Not all resets have to be dramatic.
After a day or two off, your reset routine can just be about clearing your head and/or your workspace, and writing down your priorities. Once you’re clear what matters, decide how long you’re going to work before you take a break. Then begin.
During a normal working day, it can be as simple as clearing your desk, stretching or taking a couple of deliberate, deep breaths before you move from one task to another.
Emotional resets are important, too.
Don’t just push your feelings down and plough on after an upsetting email or phone call. Rejection hurts. Disappointment, too. Criticism can be useful, but it’s also wounding.

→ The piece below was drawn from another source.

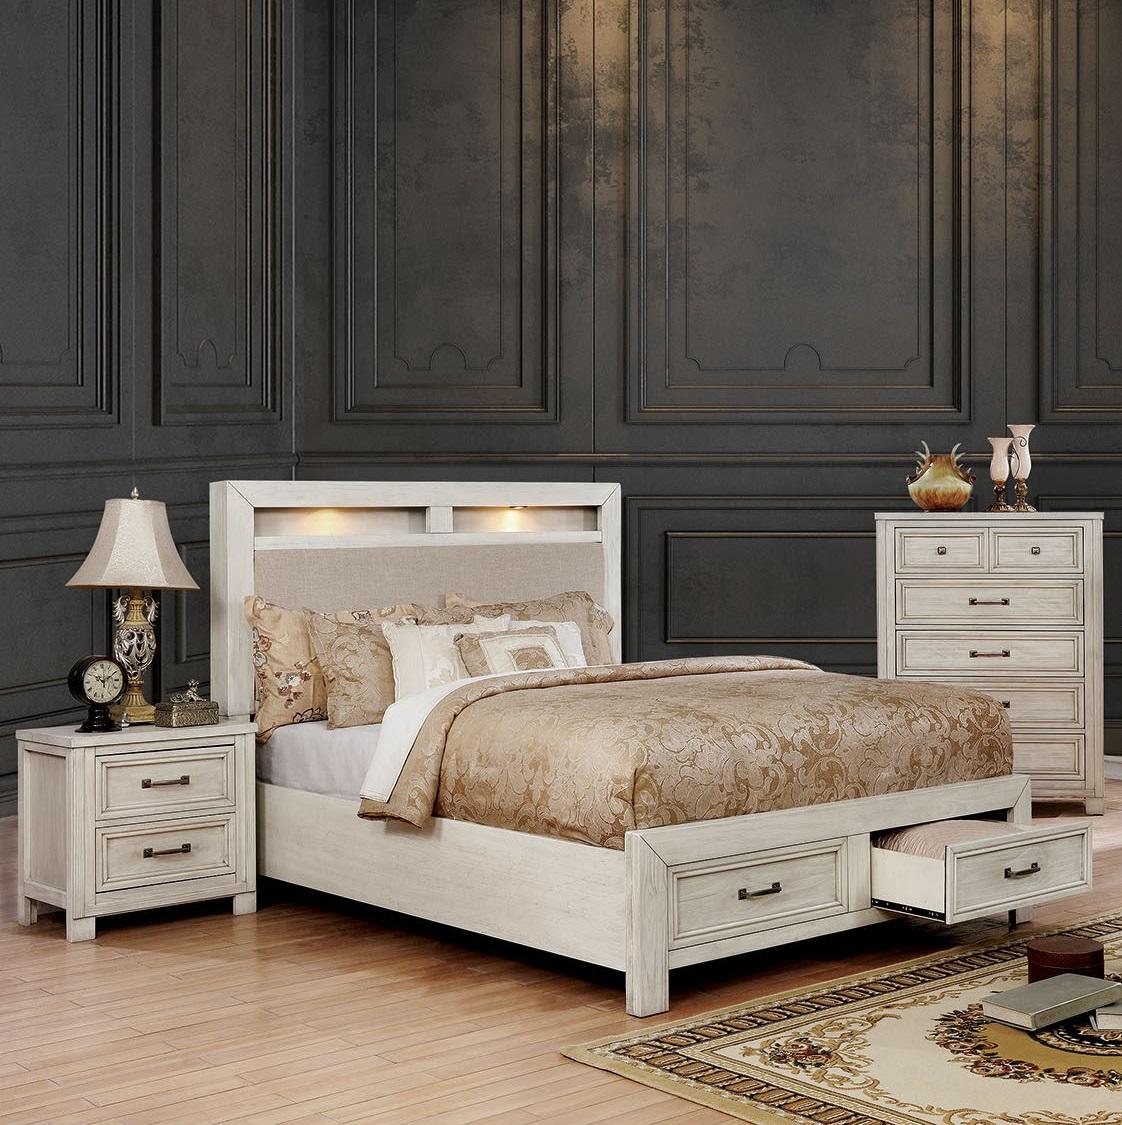 Transitional Storage Bedroom Set CM7365WH-Q-5PC Tywyn CM7365WH-Q-5PC in Antique White Fabric
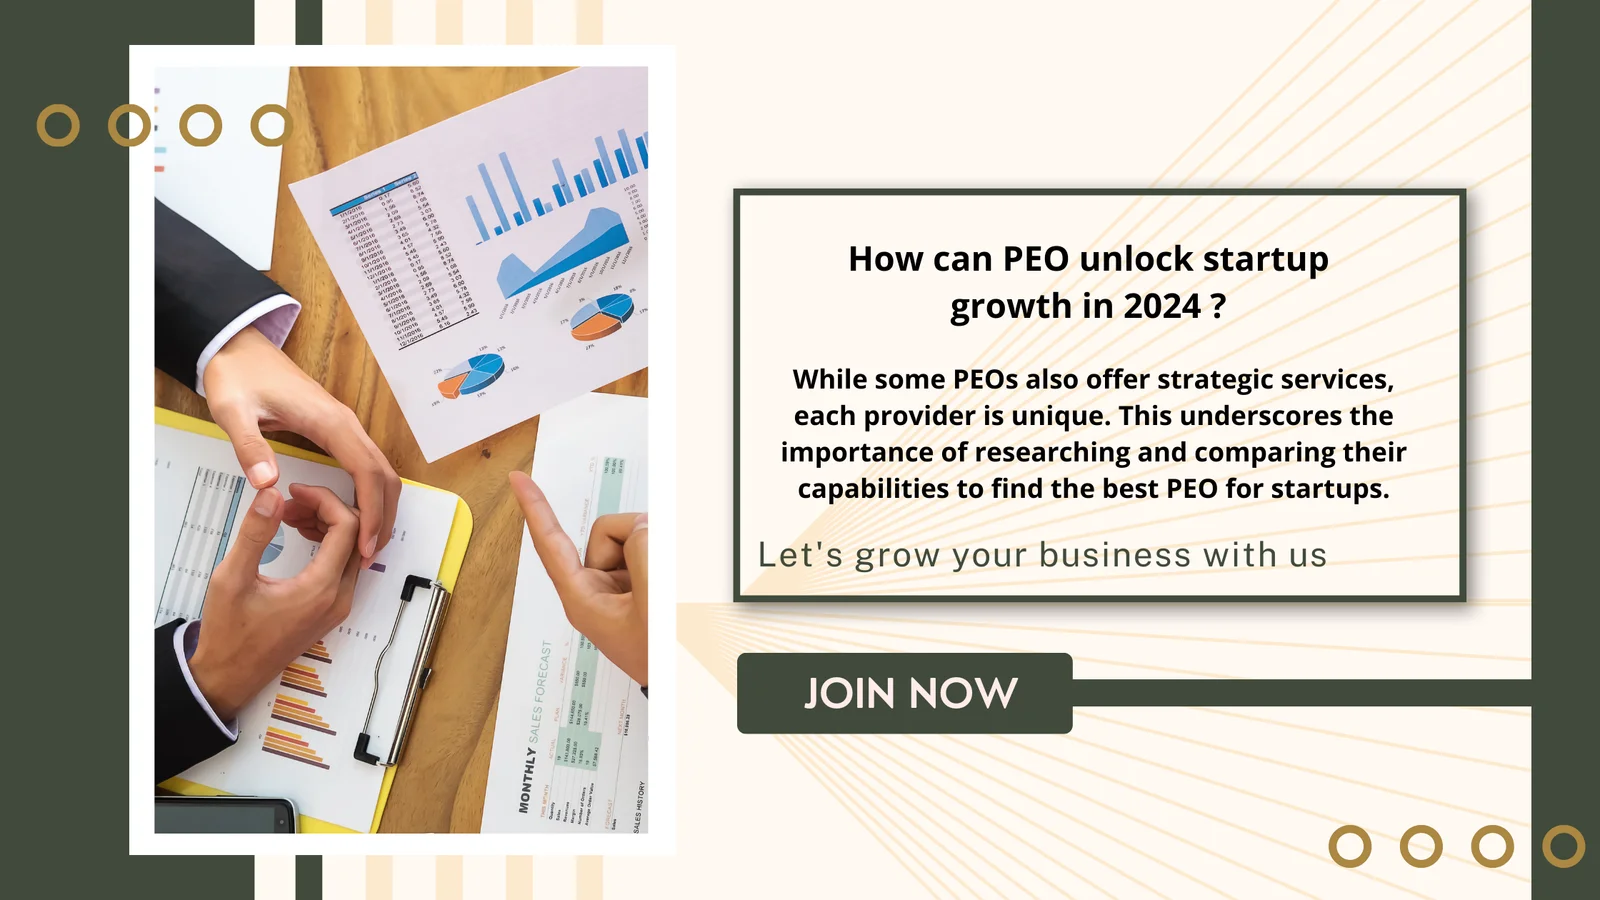 PEO unlock startup growth in 2024

Acknowledge how you’re feeling. Name it. It can be oddly helpful just to say to yourself, “I feel hurt that I didn’t get a grant this time round – and that two of my friends did. I’m envious of them and I feel bad about that, too.”
Then let it out. Put some music on and dance it out for a couple of minutes. Thump a cushion. Vent in your diary. Or just sit quietly and fully feel whatever it is you’re feeling. This is often far more helpful than replaying it in your head on a loop for the rest of the day/week/month. You’ll get over it faster, and it won’t distort into depression, or a sudden irrational burst of anger later.
So: what disruptions are you likely to face this summer?
What throws you off-balance most often? And what might help you recover faster?